This lets us build a (so far non-branching) graph of forward links, in which the parts are separately differentiable, and where multiplying the derivatives gives the cumulative derivative across a subsequence of links.
4) What if there are multiple inputs, outputs or links?
- Inputs)
  Multiple inputs imply a set of predecessors P' feeding into S. Forward calculations simply use a multi-argument function to calculate the output S. No problem, especially in the easy peasy world of neural networks, where a multi-argument function is merely a sum.
  For backward calculation of derivatives we hold all the inputs constant but one, and differentiate with respect to that one, using the normal chain rule method. And if we can do one, we can do them all the same way.
- Outputs)
  Multiple outputs is what we'd call a vector-valued function.
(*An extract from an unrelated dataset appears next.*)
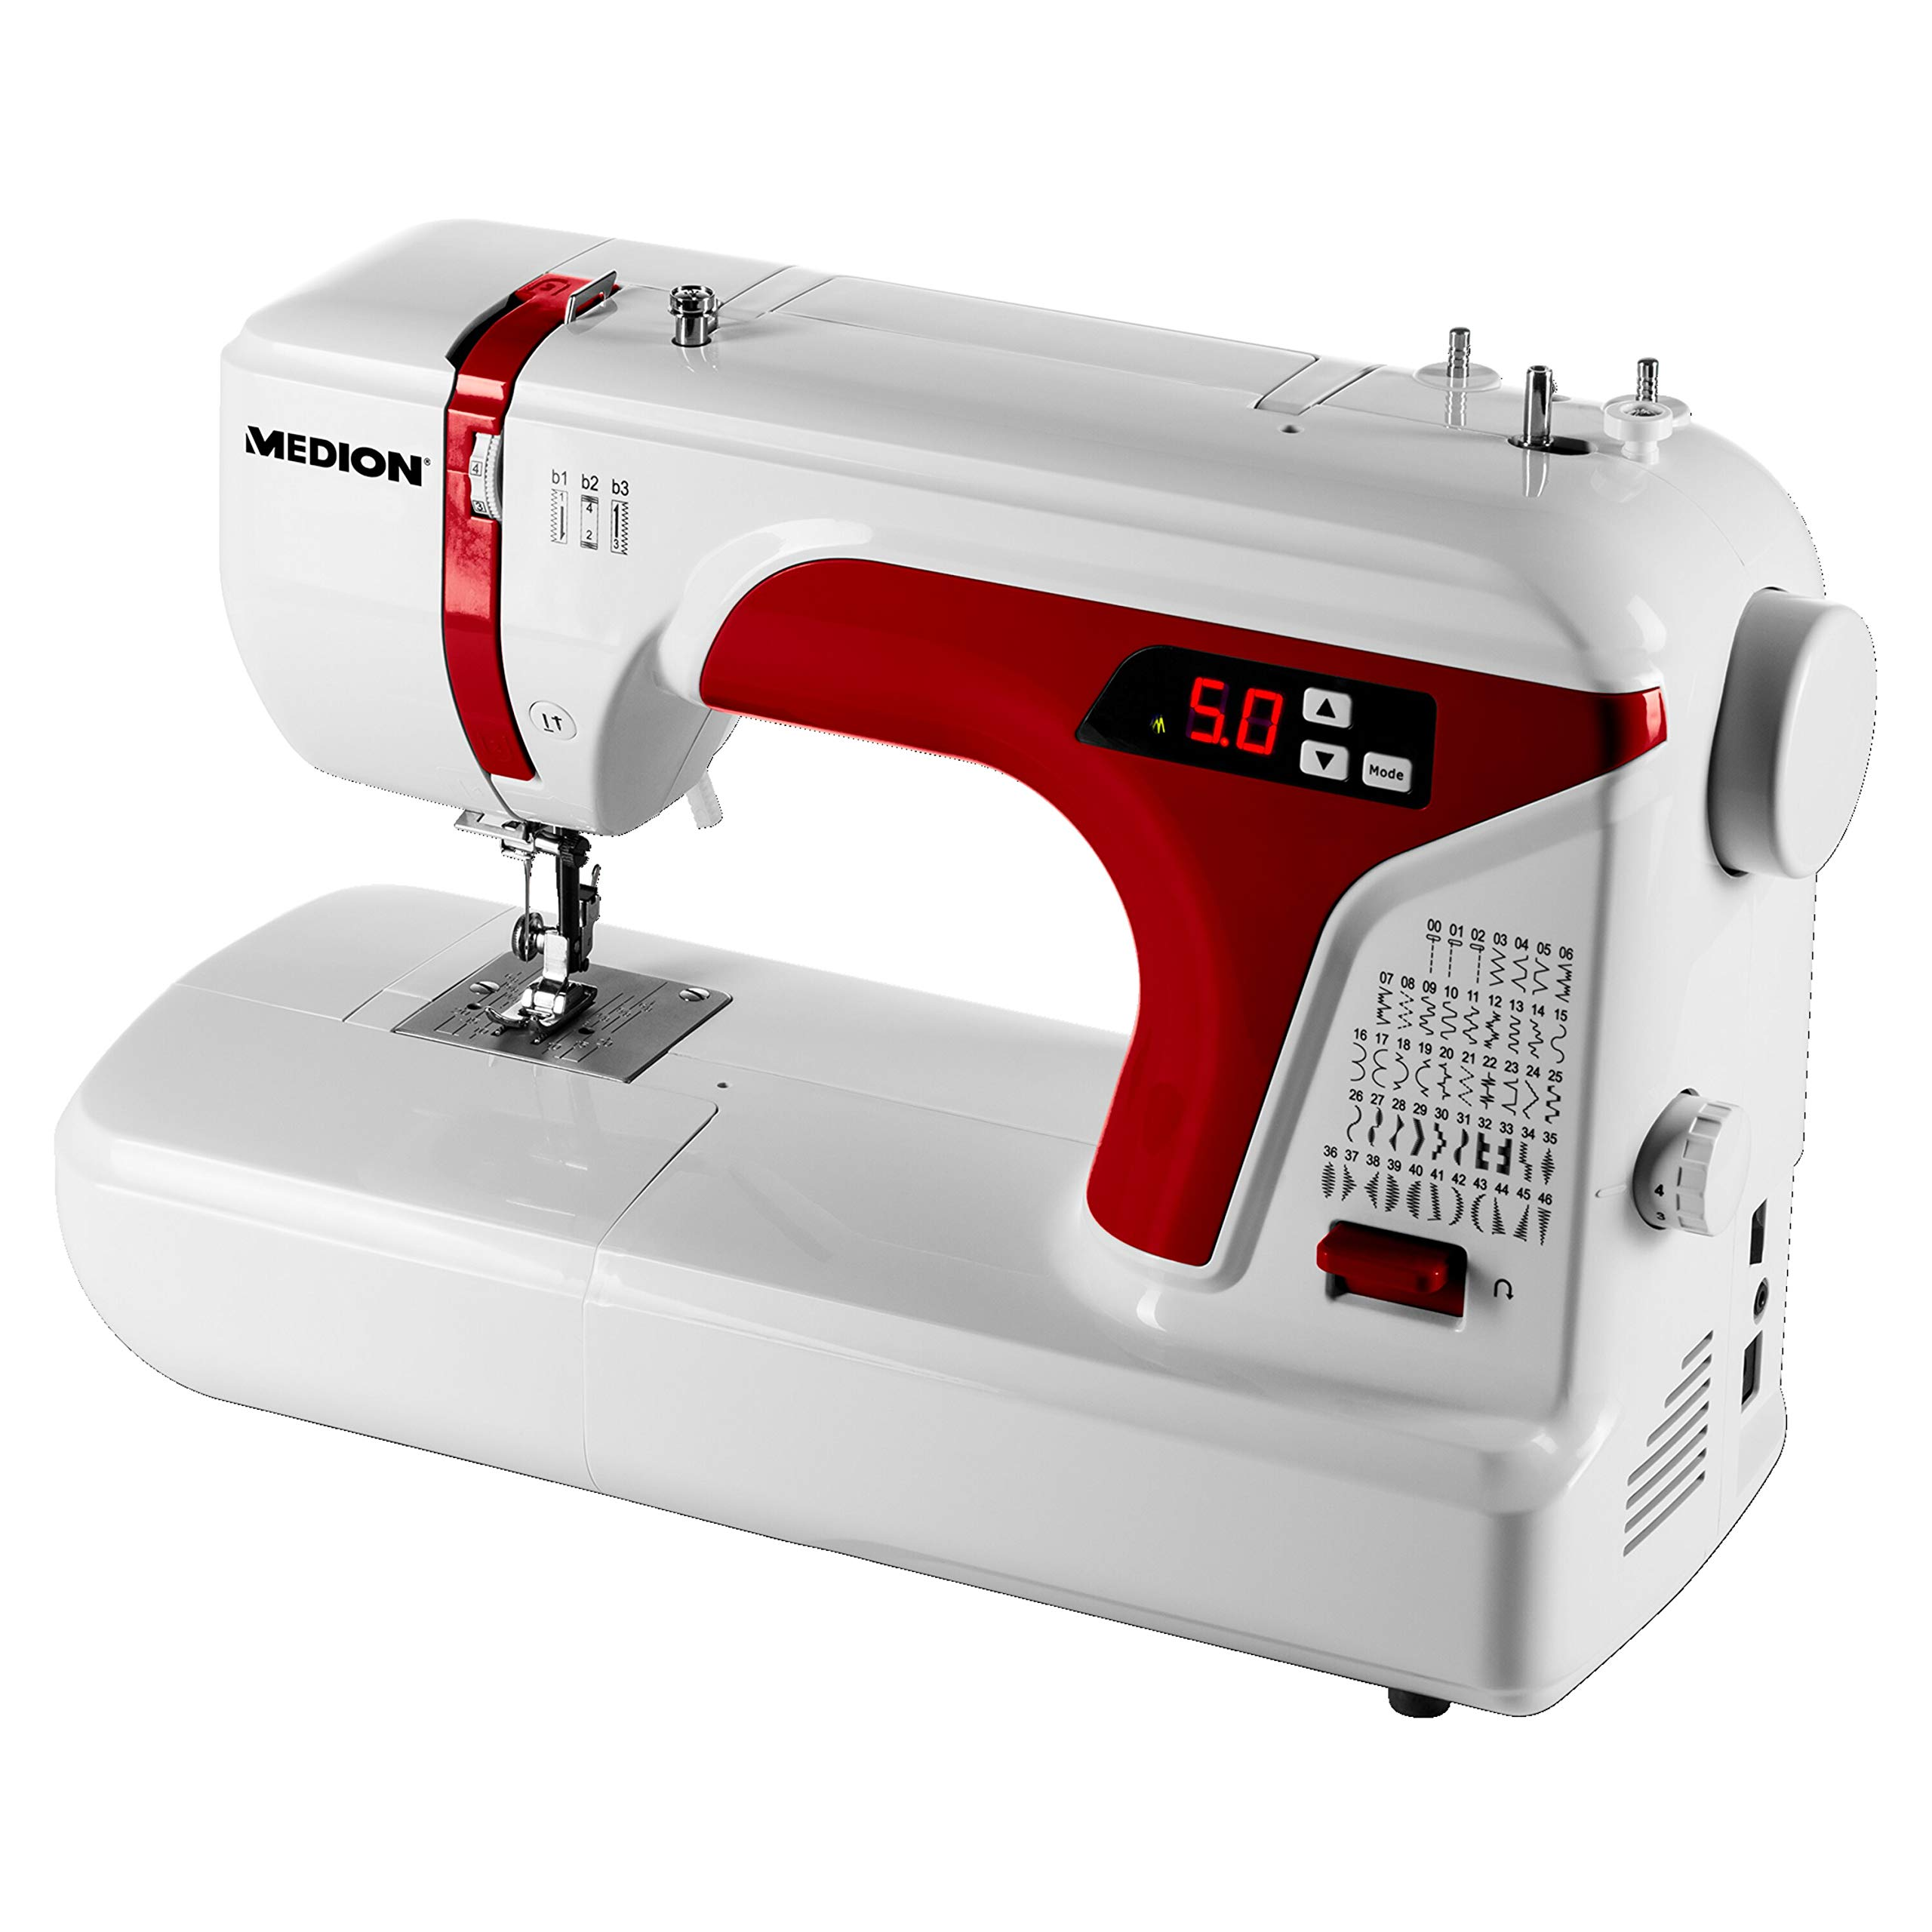 MEDION MD 16661 - Máquina de coser digital, ojal automático, 40 vatios, pantalla LED, 50 patrones de puntada ...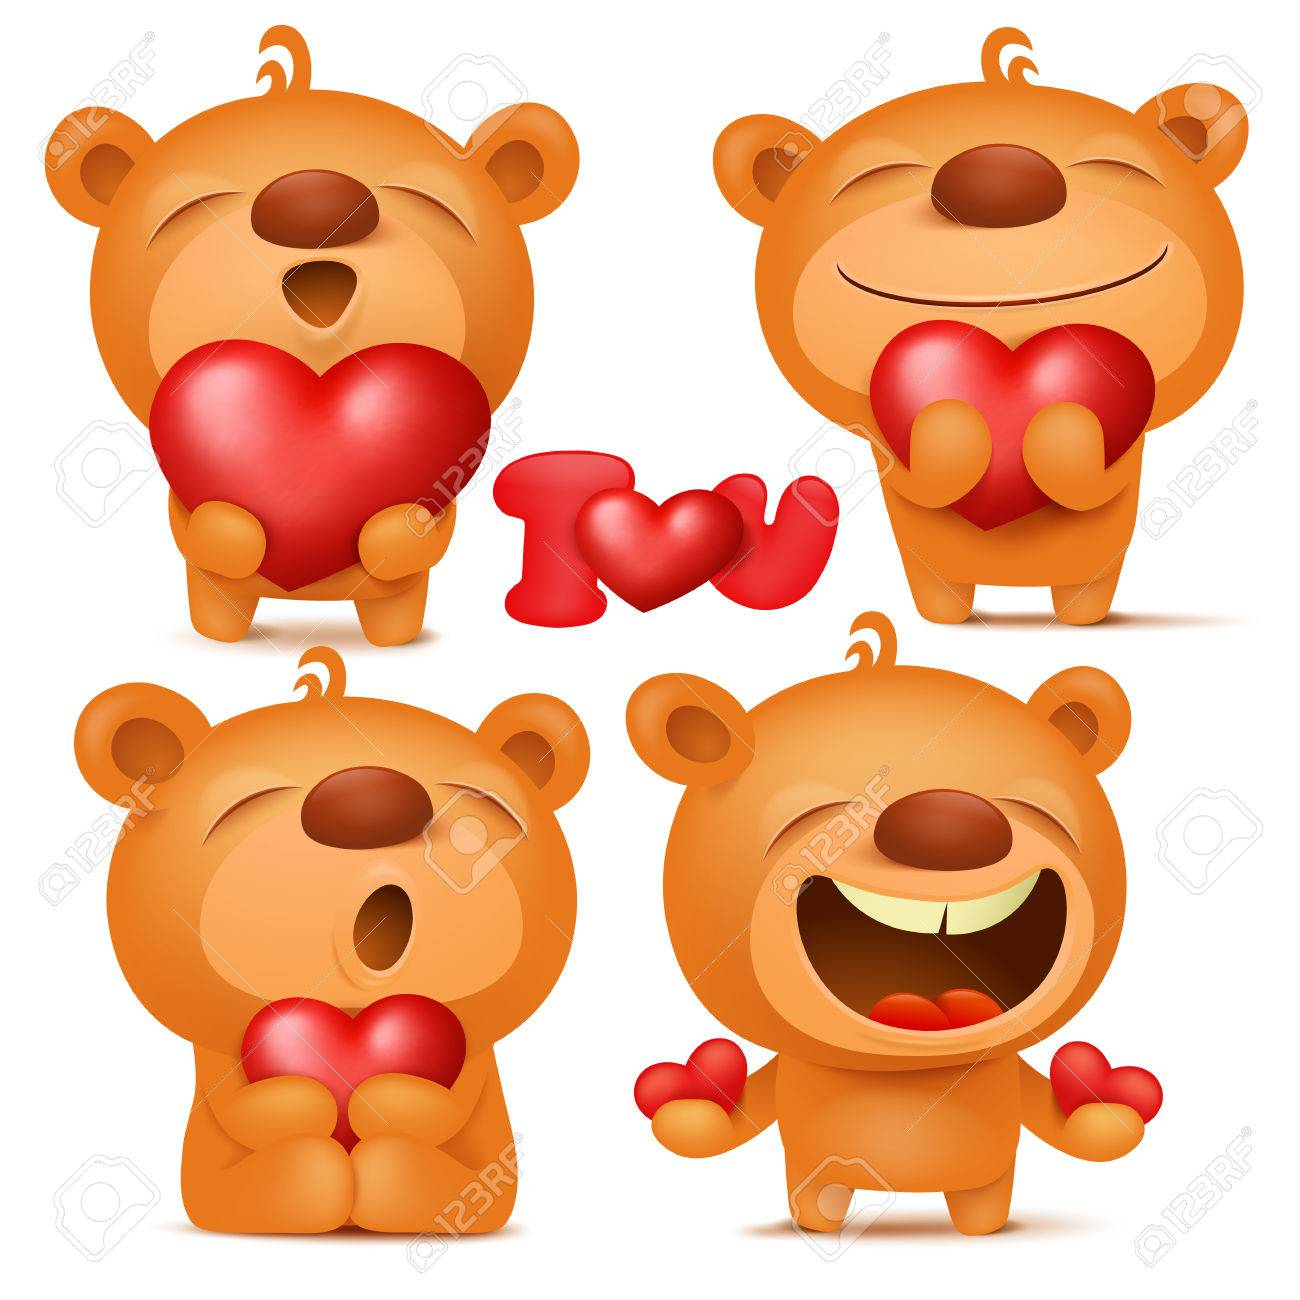 valentine teddy bear emoji cartoon characters set with hearts

It might be worth thinking about for a neural network to consider a subset of nodes, not just one, as being fed with the same set of predecessors and the same weights, producing a vector or set of outputs. Weight sharing might well speed training, if the functions themselves are naturally multi-valued. A weight matrix would be cheating, in this idea, since you might as well separate the nodes each with its own predecessor weight vector, equivalent to having a matrix of weights separately trained.
  But generally we can get multiple outputs by using multiple nodes each with a single output. So much for multiple outputs.
- Links)
  Multiple input links to a node require a function taking multiple inputs. For example taking many inputs, a sum, or product, a weighted sum, a weighted log-sum (equivalent to product of input^(weight)) or even logical combinations of just one, two, or few inputs, each can be calculated straightforwardly given the inputs from the previous layer. Further, going backwards and applying the chain rule to take derivatives across the network, each node's output can be can be separately differentiated with respect to each of the possibly many inputs. This allows backward derivative accumulation to proceed just as with single predecessors, simply, by applying the chain rule to pre-multiply with the respective derivatives, once each for as many times as there are predecessors. All this is what falls out without trying; hence, multiple input links are easy.
  But consider multiple output links from a node. These either represent multiple outputs, discussed above, or a single output from a node, taken as the input to multiple successors. In the latter case, forward calculations take the single output of a node and just copy or share it to be fed as input to each of perhaps many successor: simply a no-op. We have handled all the easy cases; the one which remains, the backward, differentiation process, is where we have a problem.
  Suppose we are doing backward propagation of the differentiation process, layer by layer across the network from the end toward the beginning. Suppose we encounter a node with multiple successors. We have to take the derivative of forward-expanding node. Let's say we have node A with its own input x, and feeding at least two successors, say B and C. Locally, B(A(x)) and C(A(x)) is the local compositions of functions. Differentiating backward, we might guess that the derivative of multiple successors is the sum of multiple derivatives. This is consistent with the idea of Total Derivative in which if $z = f(x(t),y(t))$, then the total derivative
  
  $\large \frac{dz}{dt} = \frac{df}{dt} = \frac{df}{dx} \frac{dx}{dt} +\frac{df}{dy} \frac{dy}{dt}$.
  In English, the derivative from multiple successor paths is the sum of the chained derivatives along each successor path.
  By what intuition should this be the case for neural networks? We seek to find how an error at the end of the forward calculation varies with respect to the different parameters of the model. $\large \frac{de}{dp}$ for some parameter $p$. One node's output is $t$; it is taken as input by multiple nodes such as $x$, and $y$; in the end the system output is a function of both those paths, $f()$, and we want to know what the derivative of the error is with respect to $t$, when $t$ feeds into the error by multiple different functions of $t$.
  Another way to think of it is, if $t$ changes it drives a change in $e$ via the path $x$, and drives a further separately calculable change in $e$ via the path $y$, and we might approximate the joint effects through both paths $x$ and $y$ on $e$ as the sum of the two effects through the two separate paths. It might be an overestimate, but if it approaches zero effect via each path separately then we might expect that the joint effect would also tend toward zero. Anyway on that intuition and the theory of Total Derivatives, we can proceed.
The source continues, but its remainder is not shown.